The reason is that auto_ptr is not actually a pointer. It's a smart pointer which is a pointer wrapper but not actually a pointer. The type that is passed as a template style argument to dynamic_cast must be a true pointer (or reference) type.
http://msdn.microsoft.com/en-us/library/cby9kycs(VS.80).aspx
You're trying to cast a A* (returned by a.get()) to std::auto_ptr<B>, and since the second is not even a pointer type this fails. Probably you just want to cast it to B*:
std::auto_ptr<A> a(new A());
std::auto_ptr<B> b(dynamic_cast<B*>(a.get()));
This will still not compile, because A and B aren't polymorphic types. A needs to have a virtual function in order to make the types polymorphic.

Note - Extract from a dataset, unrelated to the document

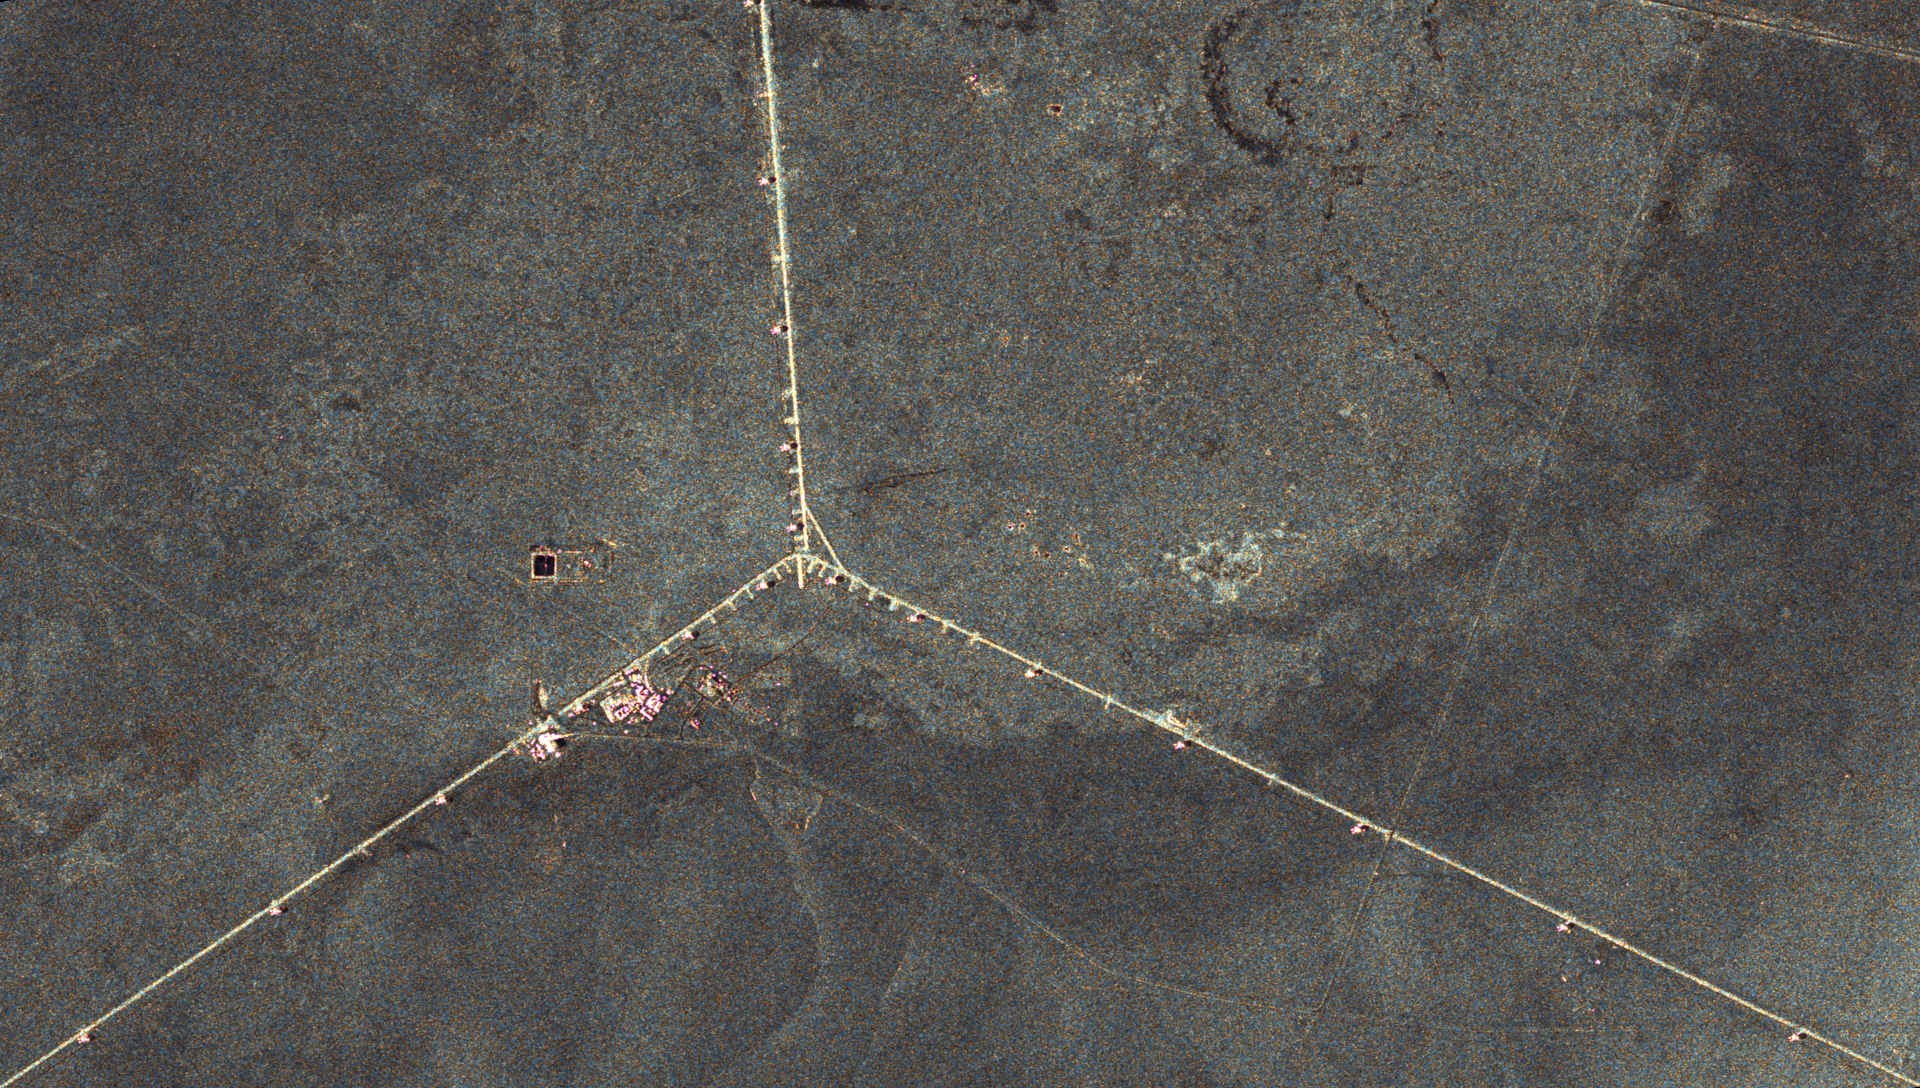 Satellitenbild des Radioteleskops "Very Large Array" im Zoom

This will compile, but the cast will just throw std::bad_cast, since it isn't really a B*.
And even if it were a B*, it will fail in horrendous ways if you try to use it. Both std::auto_ptrs a and b will assume they own the object and free it later on, resulting in all kinds of memory corruption. You probably want to use a.release() after the cast was successful.
I think c++ stores RTTI (run time type information) in the vtable. Hence to use dynamic_cast<> with an instance object, the object needs have 'vtable'. C++ creates vtable only when at least one function is declared 'virtual' in the class.
The class A and Class B there are no virtual functions. This could be reason for the dynamic_cast failure. Try declaring a virtual destructor in base class.